Thanks, after reading the traces carefully, finally I figured out what
went wrong.  In some cases, pcm->fast_op_arg isn't pcm itself but has
a different value.  Then we call snd_pcm_lock() with pcm, but call
fast_op with fast_op_arg as the PCM object.  This leads to the
unexpected behavior for the plugin that tries to unlock / relock from
the given PCM object.

So, we'd need to convert snd_pcm_lock()/unlock() with fast_op_arg or
op_arg in most places.

A test fix patch is below.  Could you test it quickly?
I'm going to traveling from tomorrow, so I'd like to have confirmation
before merging into git repo.


thanks,

Takashi

-- 8< --
From: Takashi Iwai <tiwai@suse.de>
Subject: [PATCH] pcm: Fix the wrong PCM object passed for locking/unlocking

Most of PCM API functions have snd_pcm_lock()/unlock() wraps for the
actual calls of ops, and some plugins try to unlock/relock internally
for the given PCM object.  This, unfortunately, causes a problem in
some configurations and leads to the unexpected behavior or deadlock.
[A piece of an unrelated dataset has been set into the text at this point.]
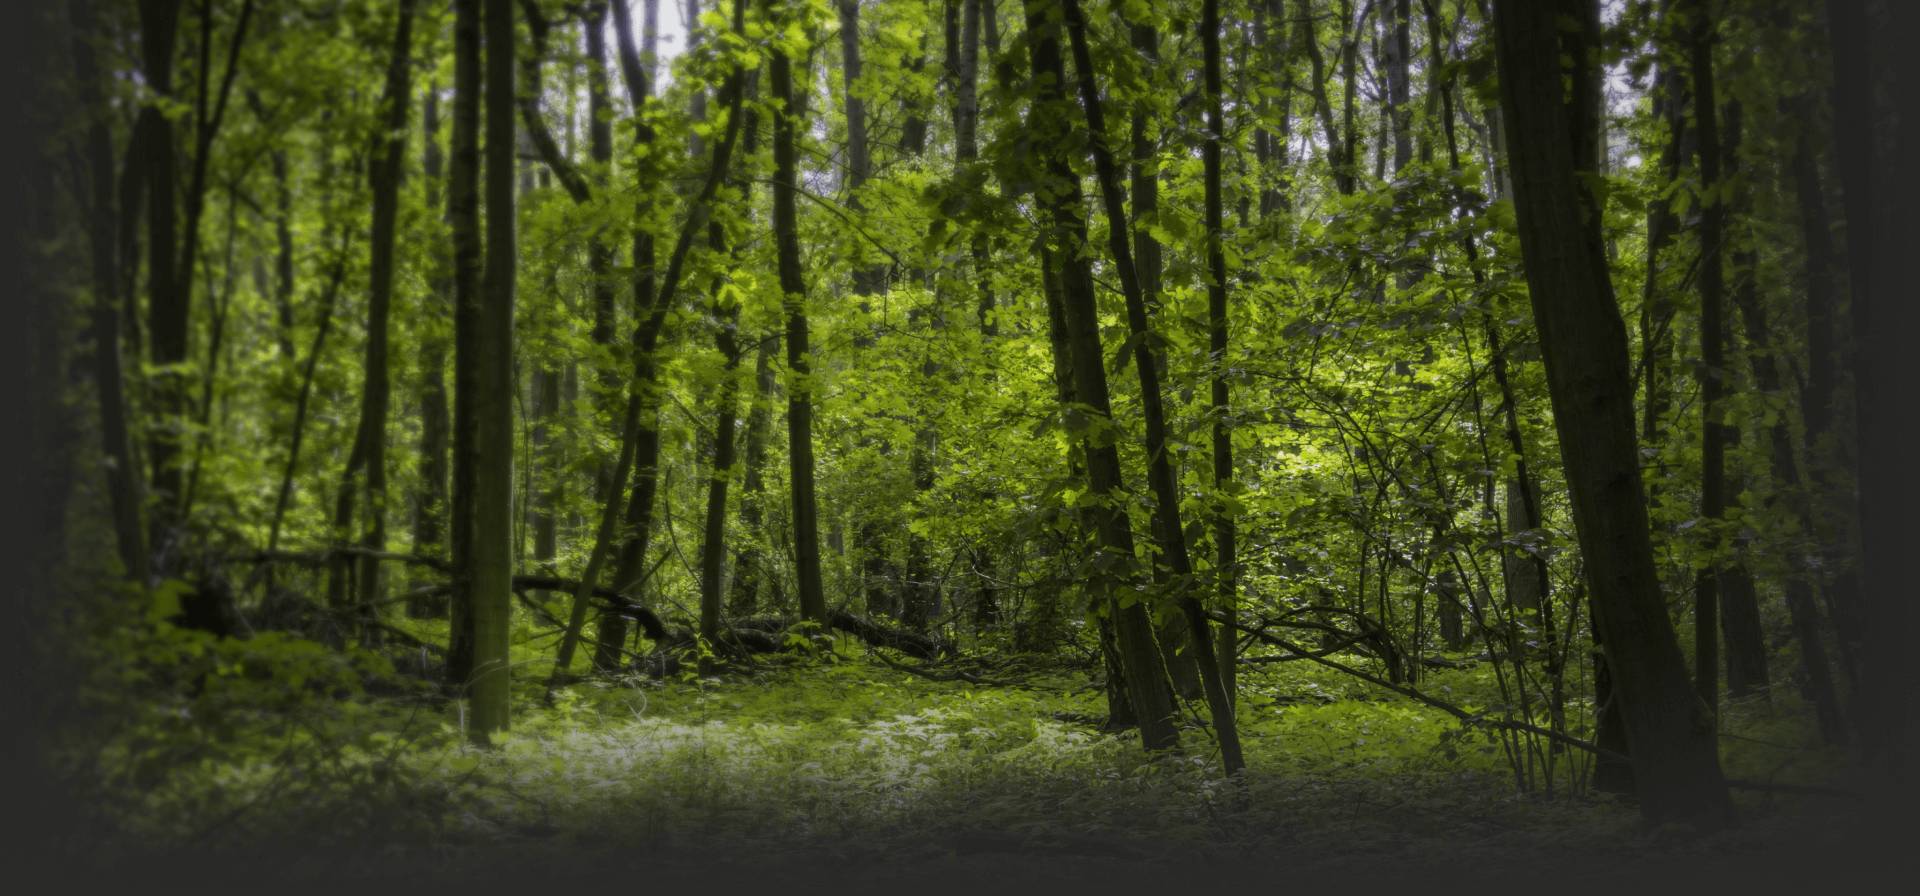 Forêt dense en végétation avec de grands arbres feuillus et de petites plantes vertes. 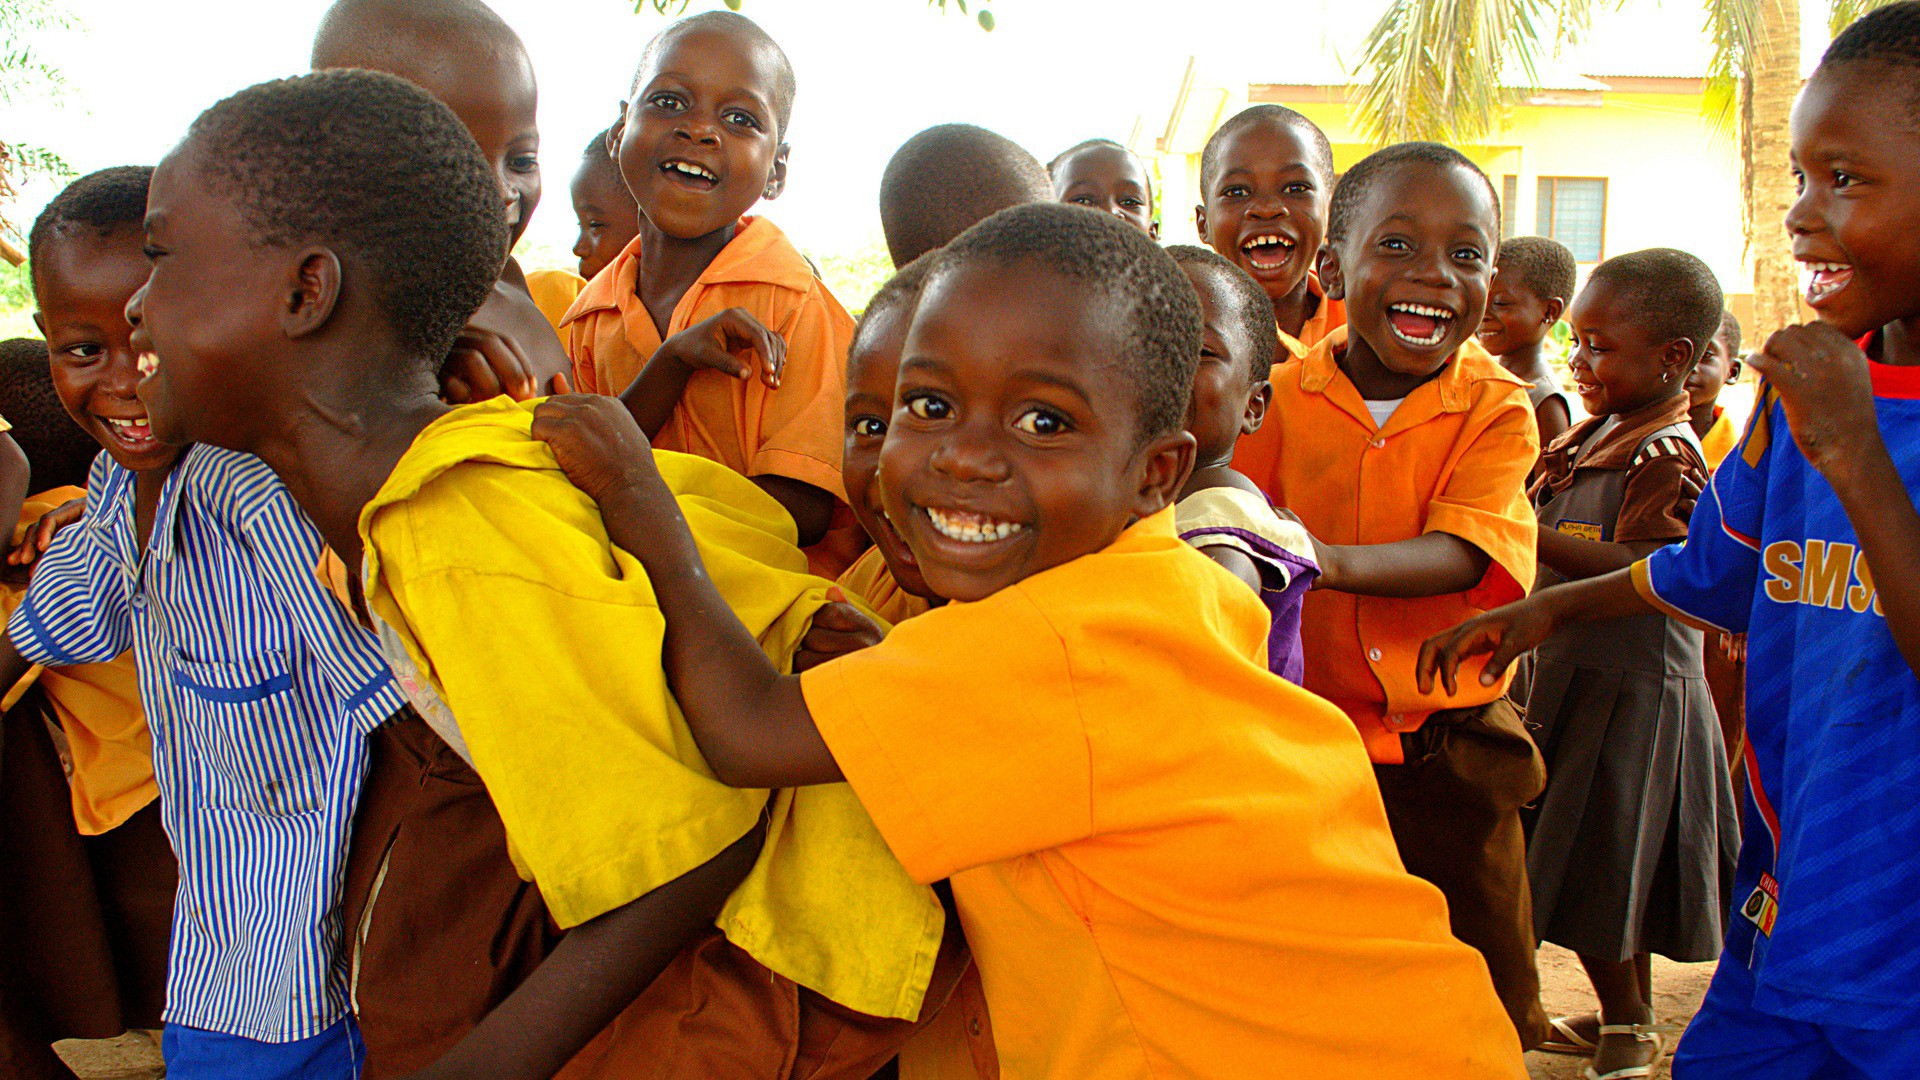 Grâce aux dons, l'Action de Carême aide notamment les populations des pays du Sud (Photo:Ian Muttoo/Flickr/CC BY-NC-SA 2.0)

The main problem is that we call snd_pcm_lock() with the given PCM
object, while calling the ops with pcm->op_arg or pcm->fast_op_arg as
the slave PCM object.  Meanwhile the plugin code assumes that the
passed PCM object is already locked, and calls snd_pcm_unlock().
This bug doesn't hit always because in most cases pcm->op_arg and
fast_op_arg are identical with pcm itself.  But in some configurations
they have different values, so the problem surfaces.

This patch is an attempt to resolve these inconsistencies.  It
replaces most of snd_pcm_lock()/unlock() calls with either pcm->op_arg
or pcm->fast_op_arg, depending on the call pattern, so that the plugin
code can safely run snd_pcm_unlock() to the given PCM object.

Reported-by: Ben Russell <thematrixeatsyou@gmail.com>
Signed-off-by: Takashi Iwai <tiwai@suse.de>
---
 src/pcm/pcm.c | 114 +++++++++++++++++++++++++++++-----------------------------
 1 file changed, 57 insertions(+), 57 deletions(-)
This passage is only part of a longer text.